● TASK DETAILS: Word for word, restate the data that follows, omitting the images.

● RECORDED INFORMATION:
++++++++

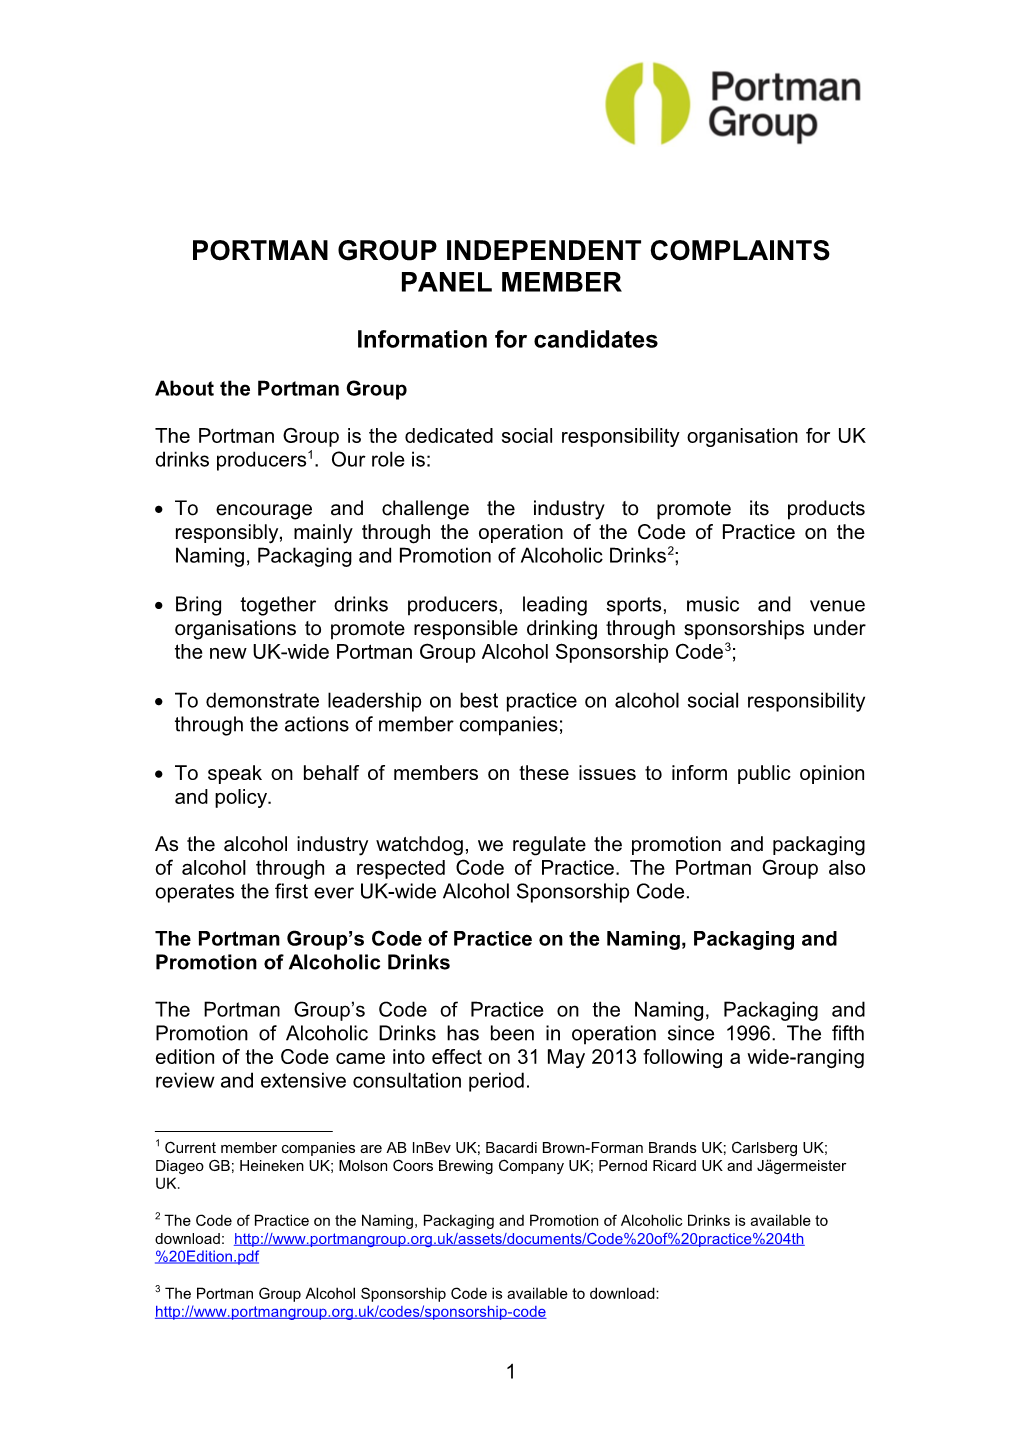 Portman Group Independent Complaints Panel Members
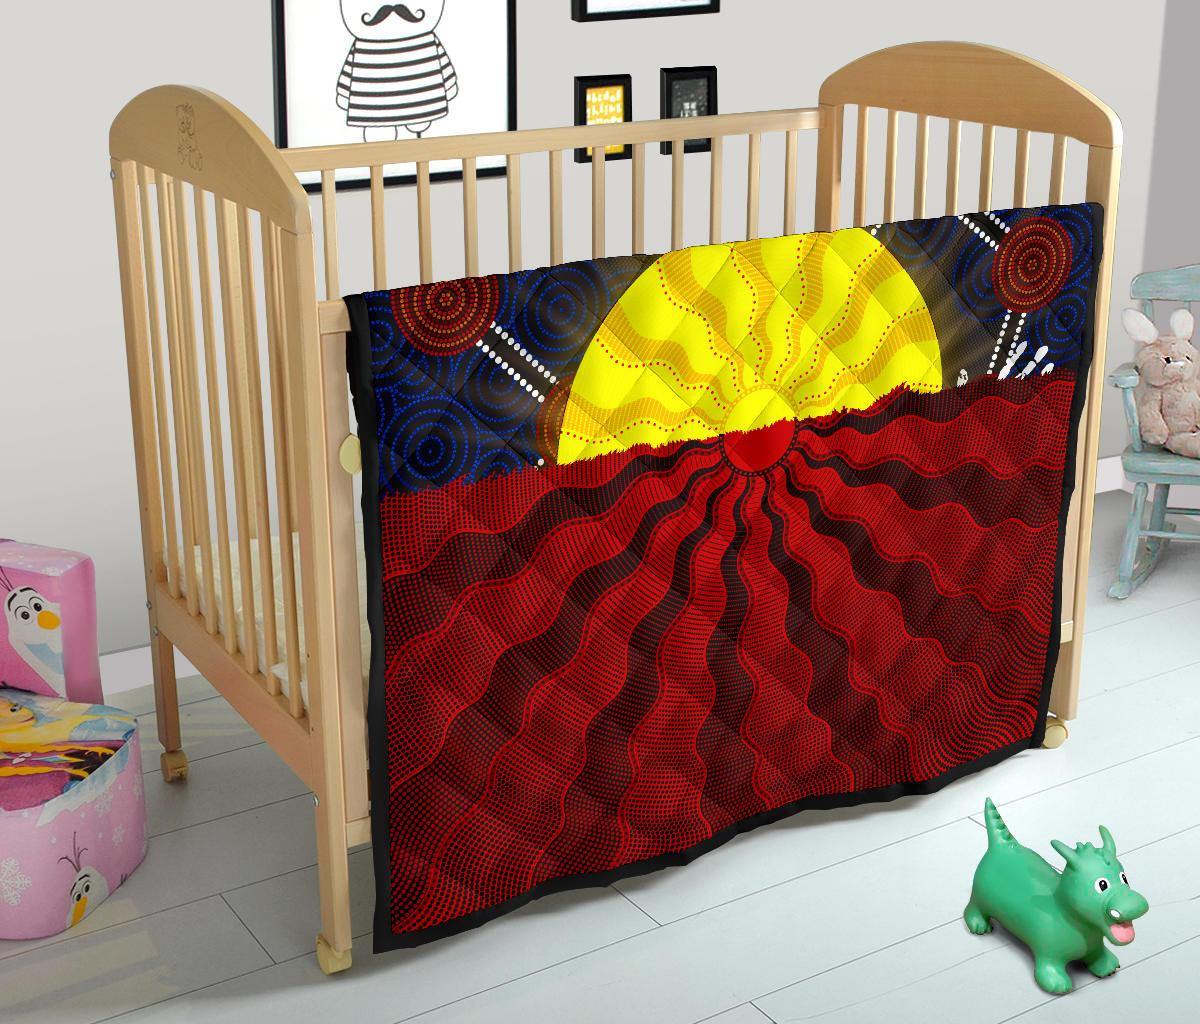 aboriginal-premium-quilt-aboriginal-lives-matter-flag-sun-dot-painting
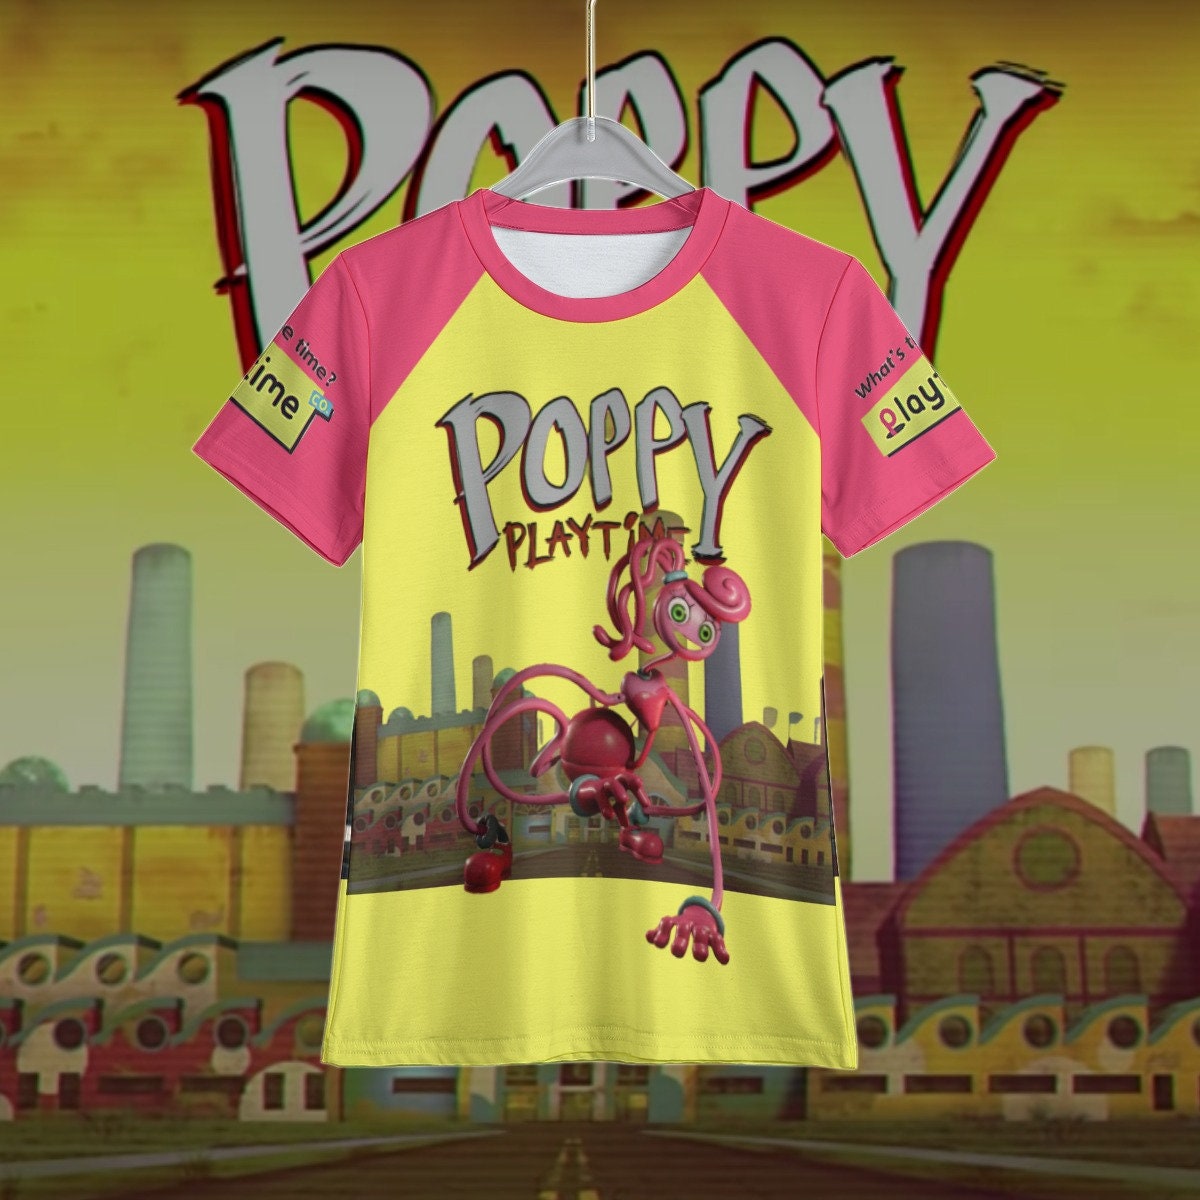 Poppy Playtime Boys' Bad Guys Huggy Mommy Long Legs Boxy Boo T-Shirt

++++++++

● TASK RESULT:
 Portman Group Independent Complaints Panel Members
 aboriginal-premium-quilt-aboriginal-lives-matter-flag-sun-dot-painting
 Poppy Playtime Boys' Bad Guys Huggy Mommy Long Legs Boxy Boo T-Shirt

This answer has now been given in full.